Les pesticides altèrent la santé et tuent, nul ne l’ignore plus. D’après l’Organisation Mondiale de la Santé (OMS) il y aurait chaque année dans le monde plus d’un million de graves empoisonnements par les pesticides et plus de 200 000 décès !  Et la récente enquête menée par l’association Générations Futures prouvant la présence de dizaine de pesticides dans le repas quotidien d’un enfant de 10 ans confirme que la dangerosité des pesticides ne se limite pas à ceux qui les manipulent.  Si la responsabilité des firmes agrochimiques qui les fabriquent est incontestable, celle des pouvoirs publics qui en autorisent la production et l’utilisation l’est tout autant. Les multiples scandales, de l’amiante au Médiator en passant par les farines animales et la dioxine, ébranlent chaque fois un peu plus  un système basé sur le seul profit financier immédiat pour une minorité. Il est a espéré qu’à l’image de la dictature tunisienne les citoyens mettent fin, un jour prochain, à la collusion financière publique-privé qui autorise de tels scandales.
 
Pour favoriser une régulation qui supprime ces pratiques et protège les citoyens de leurs conséquences les consommateurs  ont un rôle éminent à jouer. Ils peuvent, entre autres actions, privilégier les entreprises et les agriculteurs qui produisent dans le respect de l’environnement et en particulier ceux qui font le choix de l’agriculture biologique. 
 

Produire bio pour manger bio

 
Produire et transformer en bio exclut toute utilisation d’engrais, de pesticides, d’additifs chimiques et d’OGM. S’il n’y en avait qu’un, cet avantage de l’agriculture biologique, curieusement absent des conclusions de certaines recherches[3] tendant à nier tout bénéfice pour  la santé humaine de la consommation des produits bio, devrait être déterminant pour la promouvoir et lui faire bénéficier des moyens maximums, en termes de recherches, de formation et d’information, nécessaires à son développement.
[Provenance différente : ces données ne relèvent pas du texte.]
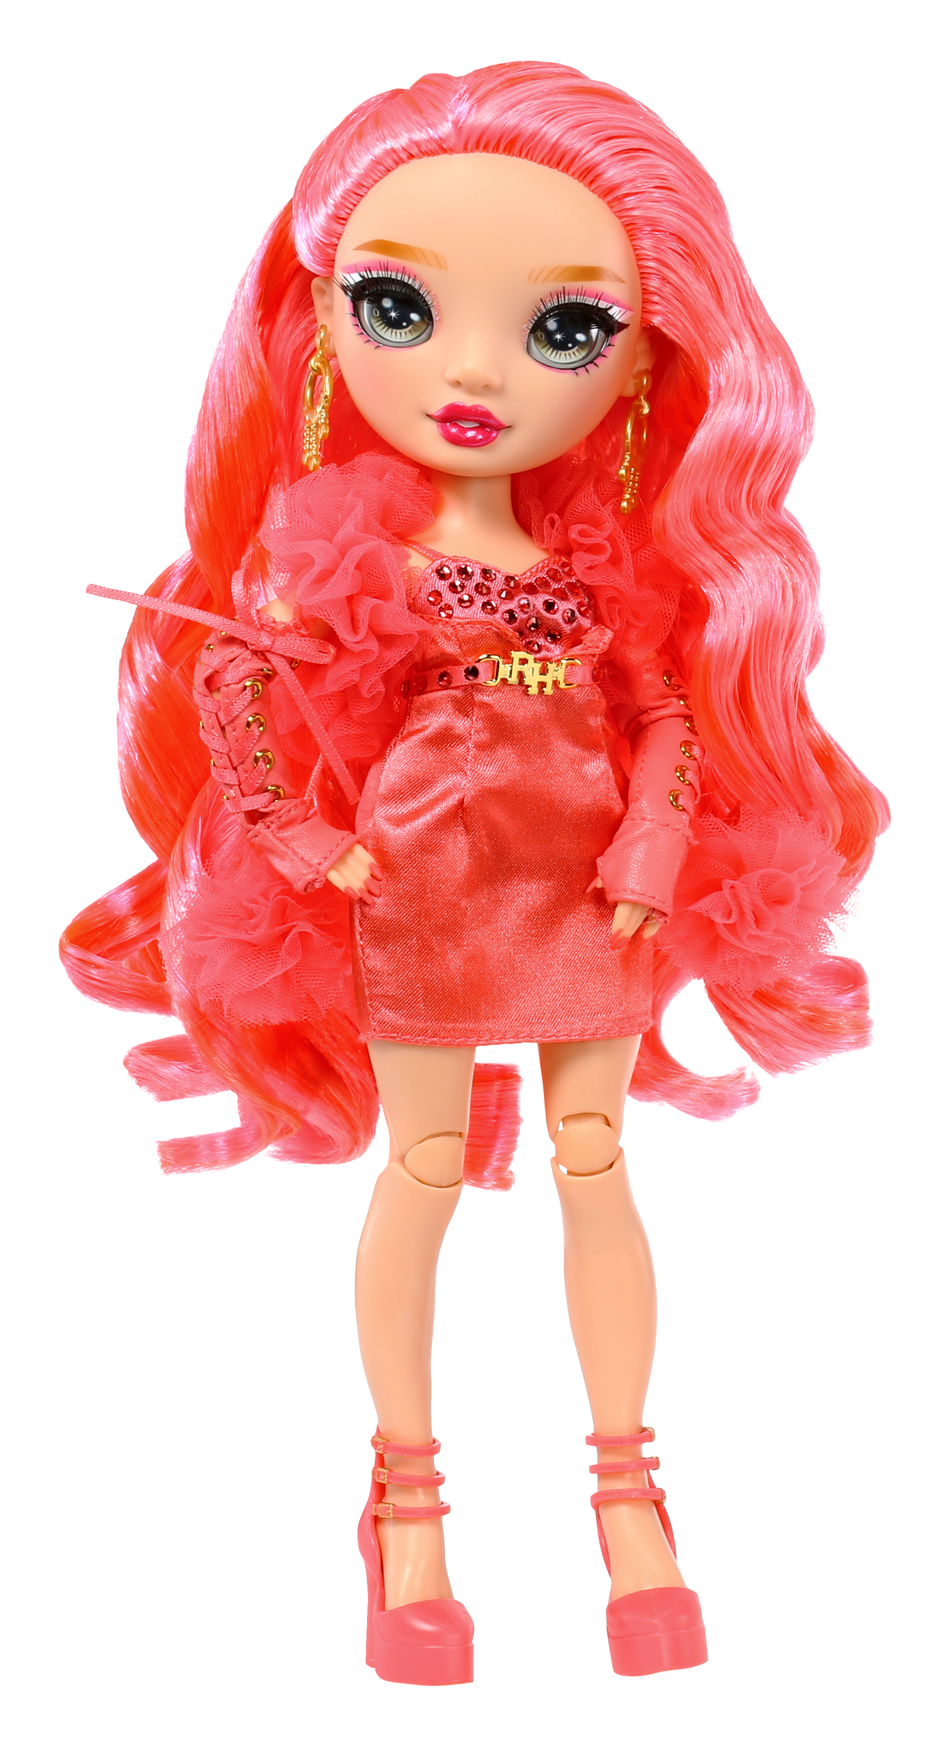 Rainbow high fashion doll serie 5: priscilla perez. bambola rosa con vestito alla moda e oltre 10 accessori di gioco colorati - Rainbow High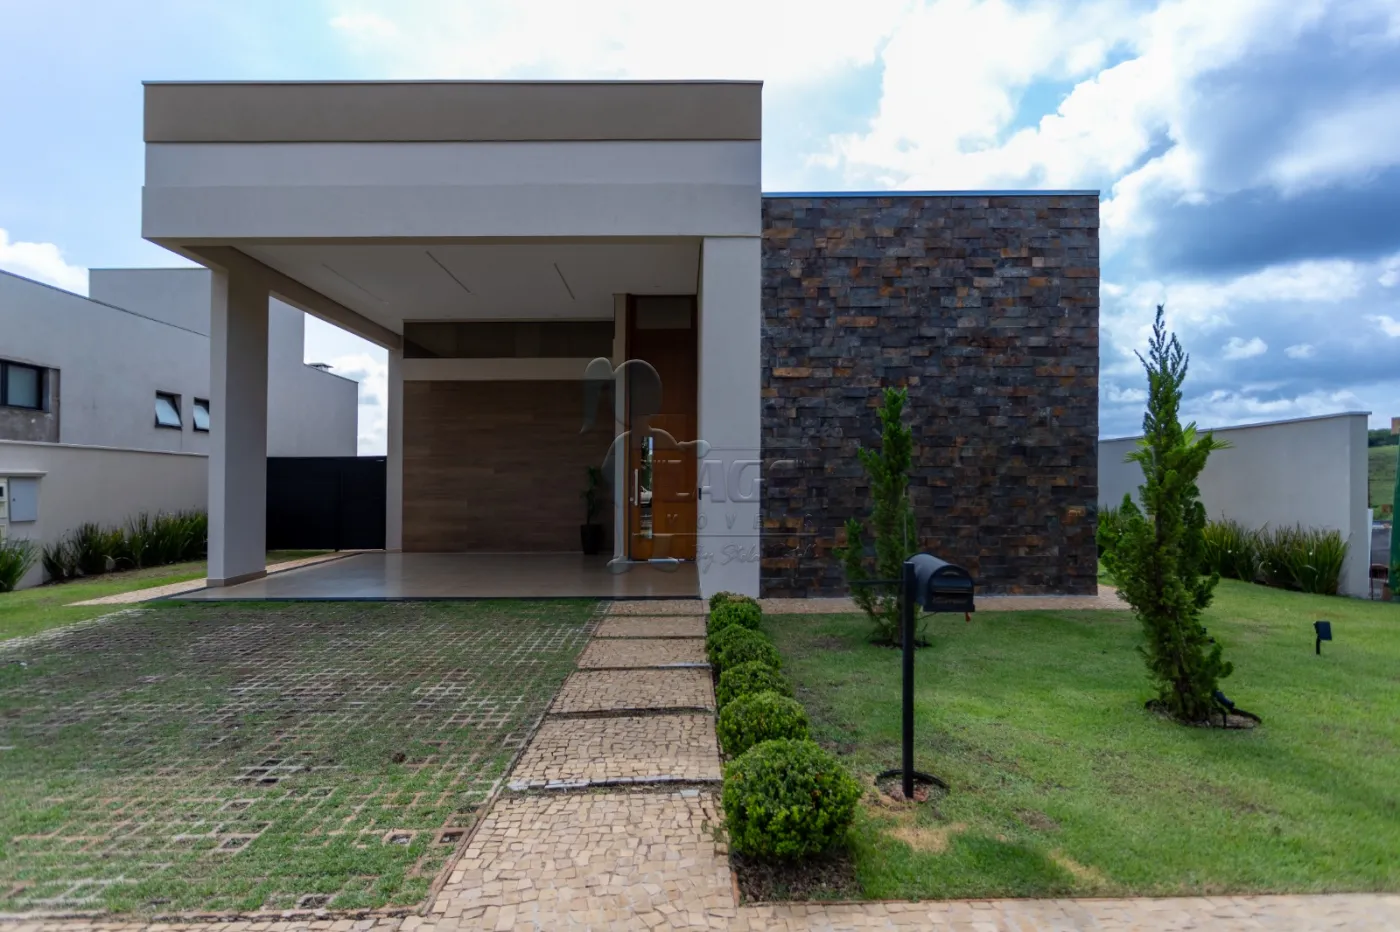 Comprar Casa condomínio / Padrão em Bonfim Paulista R$ 2.300.000,00 - Foto 2

Manger bio c’est donc bien. Encore faut-il que les produits bio soient disponibles et accessibles. Or,  malgré les promesses incantatoires des pouvoirs publics, à la suite de l’opération de communication électorale baptisée « Grenelle de l’environnement »,  c’est exactement l’inverse qui se produit en France. Alors qu’a été renouvelée l’autorisation du Cruiser, insecticide neurotoxique enrobant les semences de maïs suspecté d’anéantir les abeilles, alors que près de 200 millions d’euros sont accordés à la filière des agro carburants utilisant des tonnes de pesticides, la loi de finances 2011 a considérablement réduit le crédit fiscal destiné aux agriculteurs bio au risque de décourager de nouvelles conversions. Sachant que plus de 40% des produits bio consommés en France sont importés, (plus de 60% des fruits et légumes bio) cette réduction, négligeable en termes d’économies pour les finances publiques et stupide par le message de mépris de l’environnement et de la santé des populations qu’elle adresse aux citoyens,  va favoriser plus encore les importations de produits bio pour satisfaire la demande croissante des consommateurs.  Car importer a bien évidemment des conséquences regrettables tant sur l’environnement, du fait des kilomètres supplémentaires parcourus pour que les produits arrivent dans nos assiettes, que sur l’emploi agro alimentaire bio en France. Sans oublier les pratiques sociales dans certains pays peu compatibles avec les principes d’équité  de l’agriculture biologique et le risque de garanties moindres en termes de qualité de contrôle et de certification. 
 
Si les consommateurs, les transformateurs et les distributeurs ont un rôle essentiel à tenir en privilégiant les productions locales puis nationales, force est d’admettre que la condition essentielle réside dans l’existence de volumes de production française suffisants.  En la matière, des progrès considérables sont donc encore à faire. Les prochaines élections nationales de 2012 seront l’occasion d’exiger des réponses claires des candidats en matière de politique agricole et quant à leurs engagements pour la bio. Les prises de positions, mais surtout les actes et les votes au cours de la législature en cours, de ceux qui souhaiteront le renouvellement de leur mandat seront assurément déterminants dans nos choix. 
 

Consommer bio local [4] : un choix éthique et solidaire

 
Adhérer à une AMAP (association pour le maintien de l’agriculture paysanne) ou s’approvisionner à la ferme, sur les étals au marché, ou dans une coopérative de petits producteurs sont les circuits les plus courts pour consommer local. A condition d’exiger la labellisation bio, où pour le moins, de bien connaître l’agriculteur, s’il n’est pas certifié, et de lui rendre visite de temps à autre.  Mais les files d’attente dans les AMAP, quand elles existent, sont longues et la production locale n’est pas toujours suffisante pour répondre à la demande. En outre l’offre y est limitée ou inexistante en produits transformés. Certains réseaux de distribution spécialisés et magasins indépendants mettent l’accent sur leurs choix d’approvisionnements prioritairement auprès des producteurs et petits transformateurs locaux et il en est qui identifient très clairement cette provenance sur leurs rayons. A chacun d’entre  nous d’être vigilants et de vérifier l’origine des produits que nous consommons. En évitant les magasins ou les commerçants en ligne qui privilégient les produits importés, hors saison et/ou forcés sous serres chauffées, hormis éventuellement certains, indisponibles sous nos latitudes, à la condition expresse qu’ils soient issus d’un  commerce plus équitable.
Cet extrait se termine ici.